| Dataset excerpt |
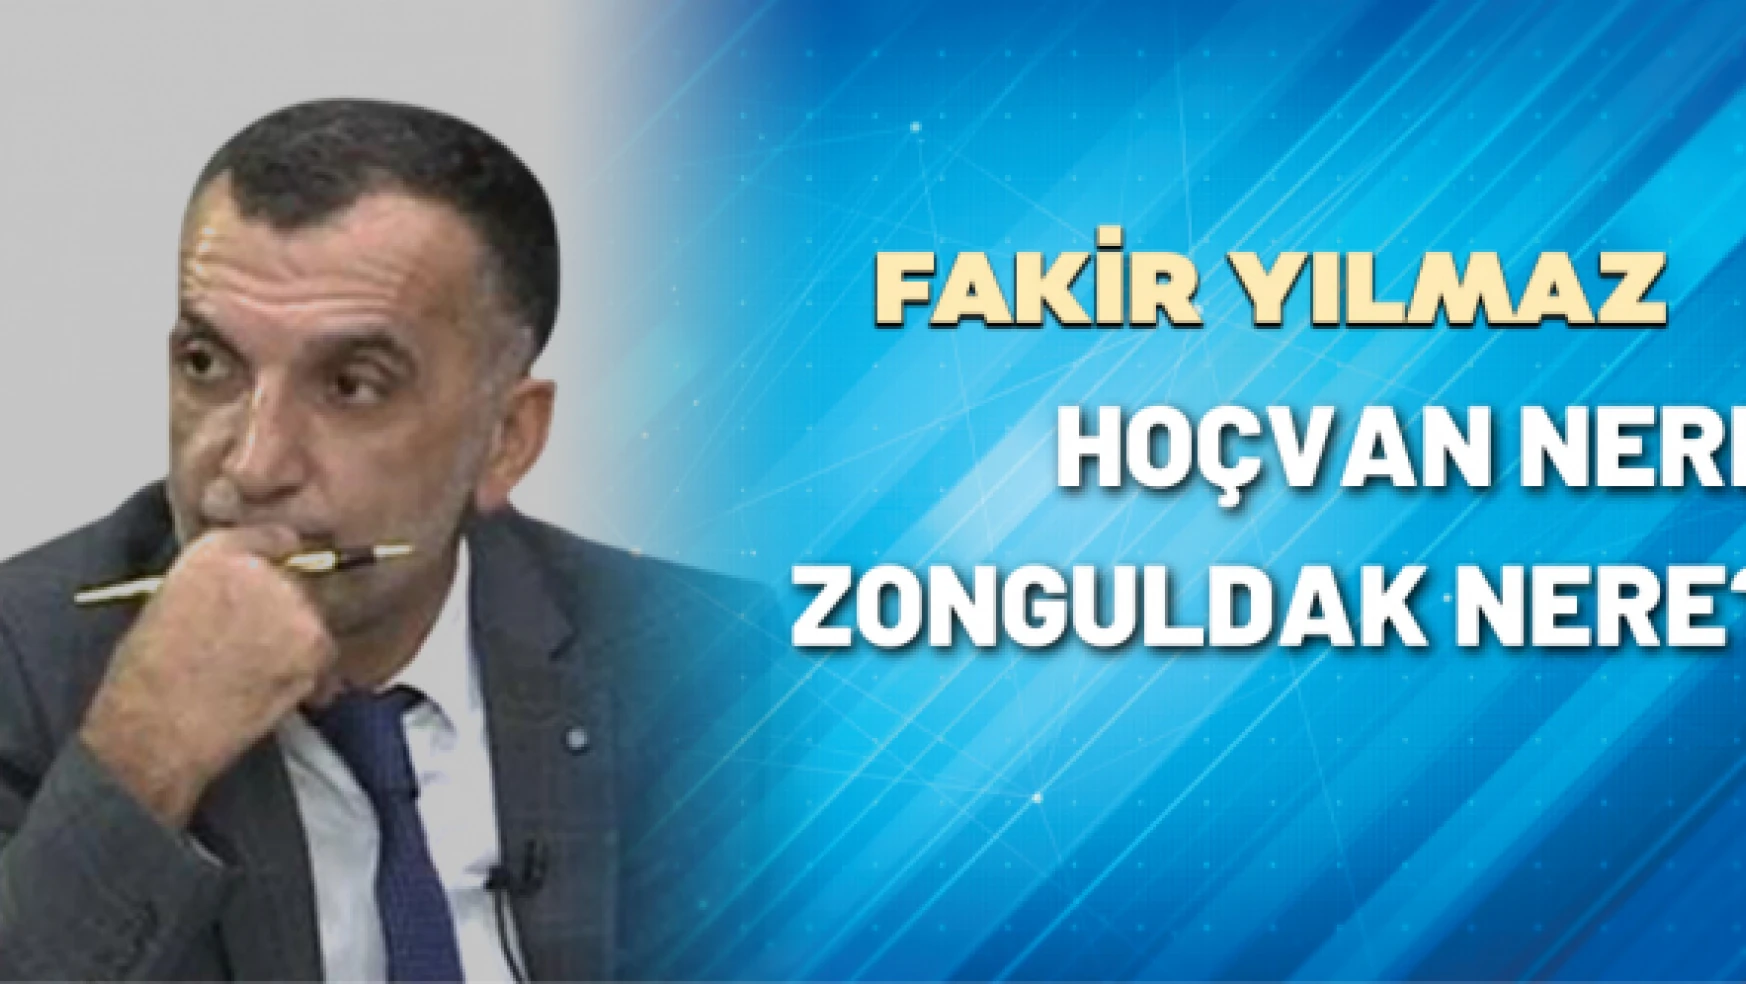 Gazeteci Fakir Yılmaz yazdı: Hoçvan nere Zonguldak nere?
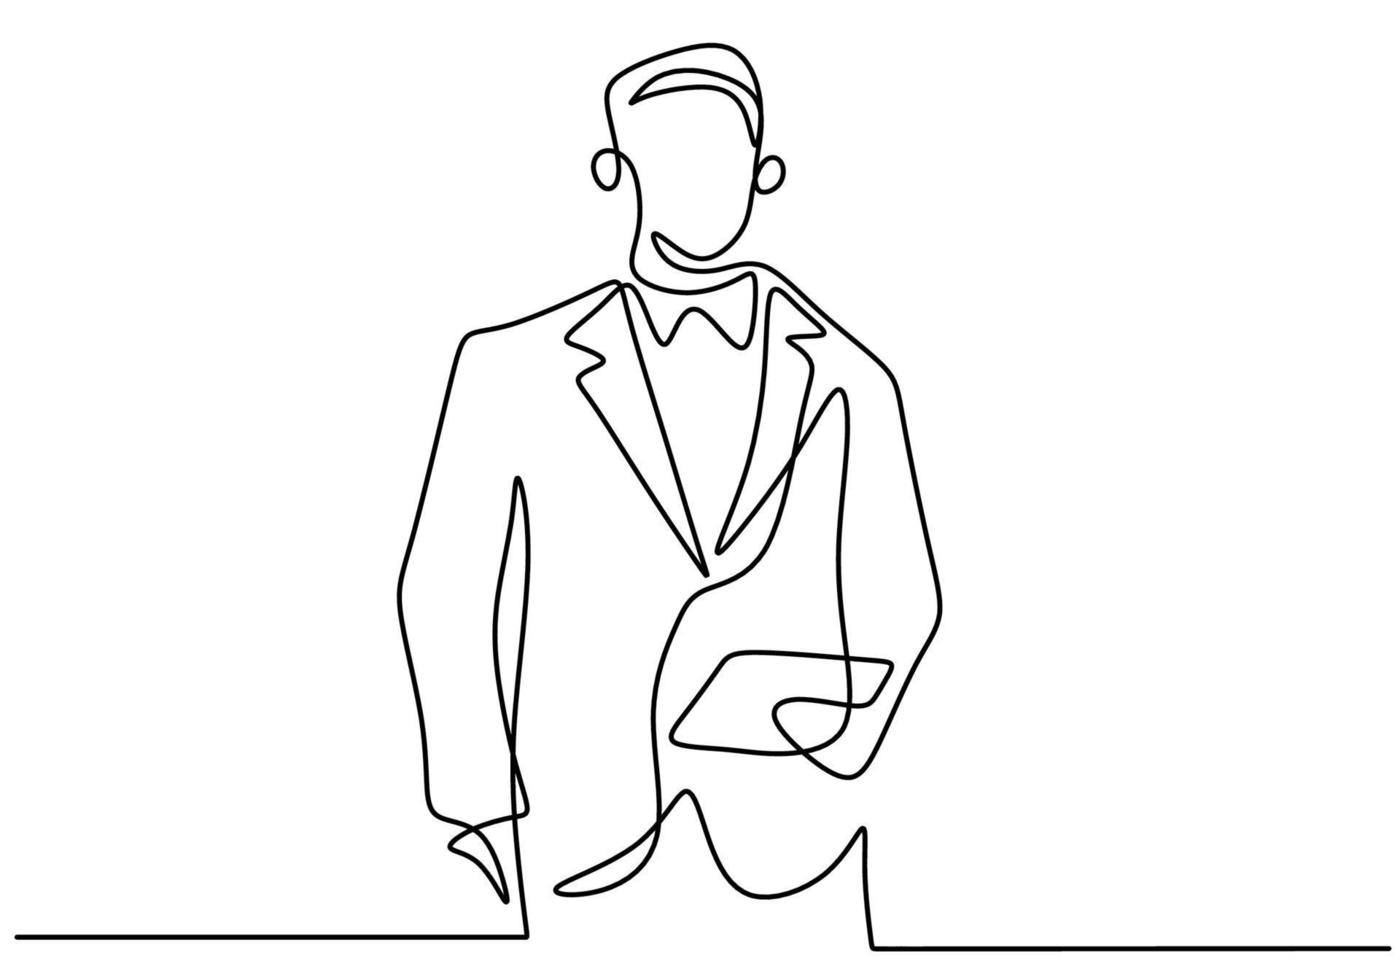 continue enkele lijntekening van jonge professionele zakenman die een pak en masker draagt terwijl hij een map of smartphonetablet draagt die op witte achtergrond wordt geïsoleerd. gadget concept. vector illustratie
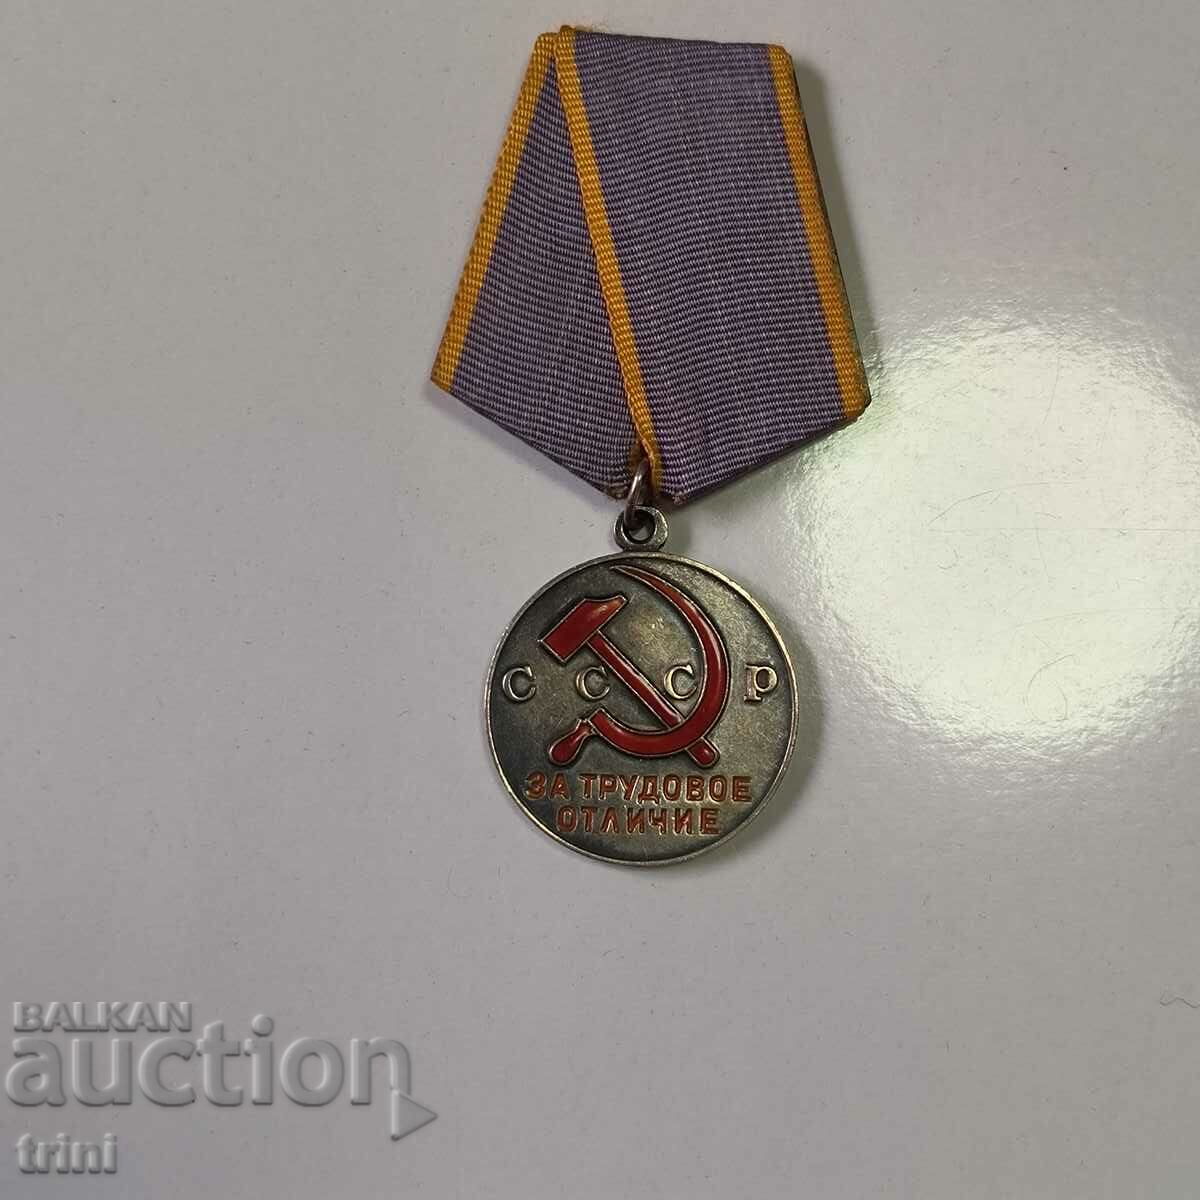 Medalia URSS pentru distincția muncii, rară
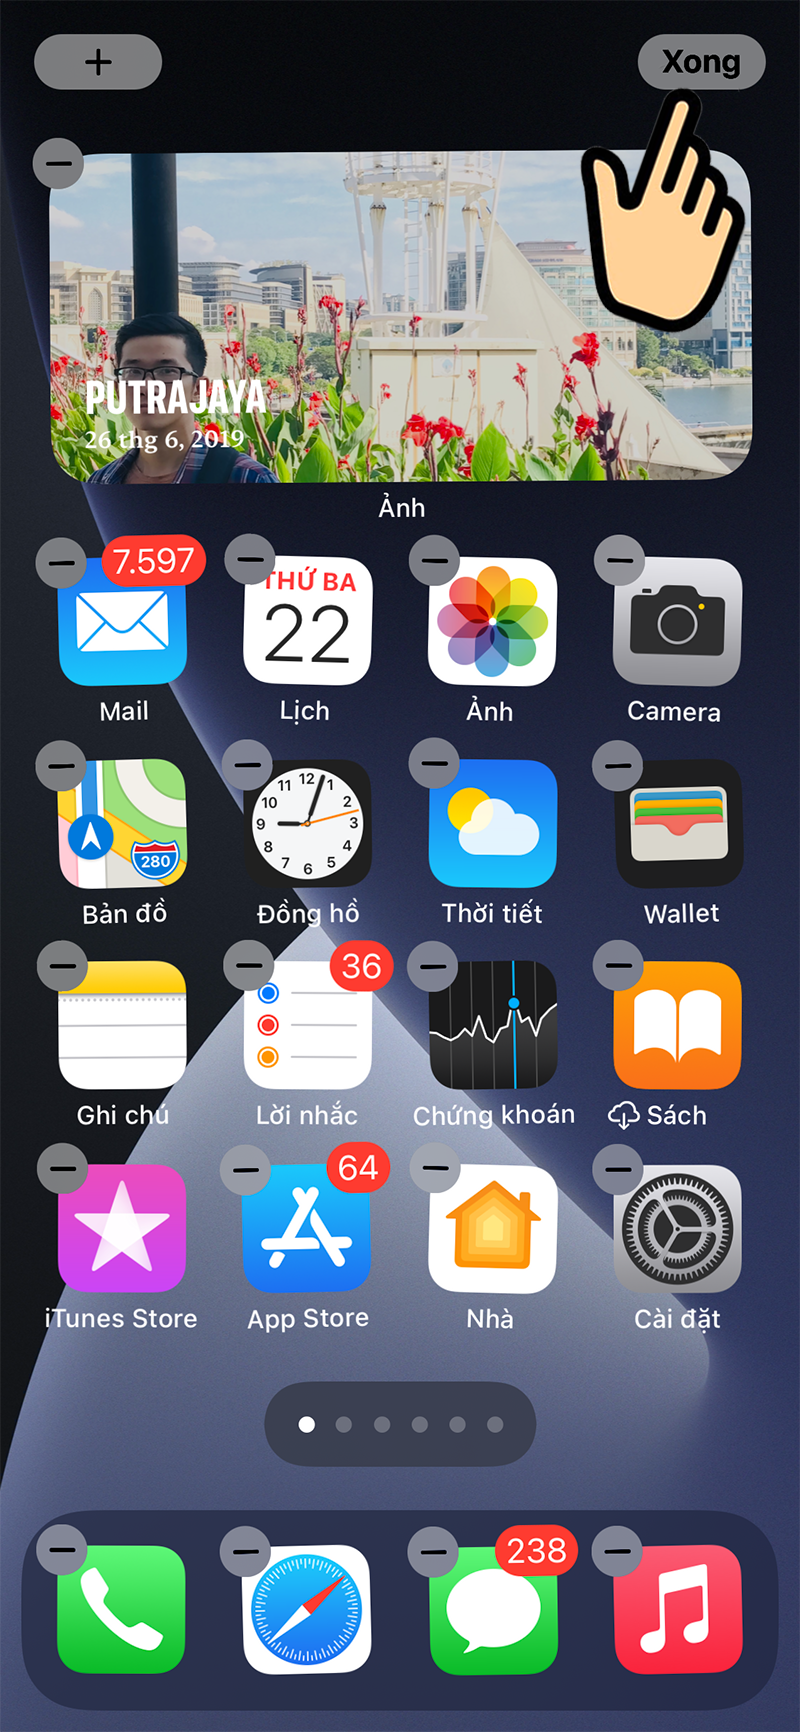 Hãy đổi widget ảnh trên màn hình chính của iPhone iOS 14 để tăng sự độc đáo và phong phú cho điện thoại của bạn. Với chức năng đổi widget ảnh, bạn có thể thay đổi theo sở thích của mình và tạo nên một màn hình chính đẹp mắt và đầy tính cá nhân hóa.

| Problem description |
Pictures are to be left out; the rest of the listing should be printed exactly.

| Exercise answer |
 Gazeteci Fakir Yılmaz yazdı: Hoçvan nere Zonguldak nere?
 continue enkele lijntekening van jonge professionele zakenman die een pak en masker draagt terwijl hij een map of smartphonetablet draagt die op witte achtergrond wordt geïsoleerd. gadget concept. vector illustratie
 Medalia URSS pentru distincția muncii, rară
 Hãy đổi widget ảnh trên màn hình chính của iPhone iOS 14 để tăng sự độc đáo và phong phú cho điện thoại của bạn. Với chức năng đổi widget ảnh, bạn có thể thay đổi theo sở thích của mình và tạo nên một màn hình chính đẹp mắt và đầy tính cá nhân hóa.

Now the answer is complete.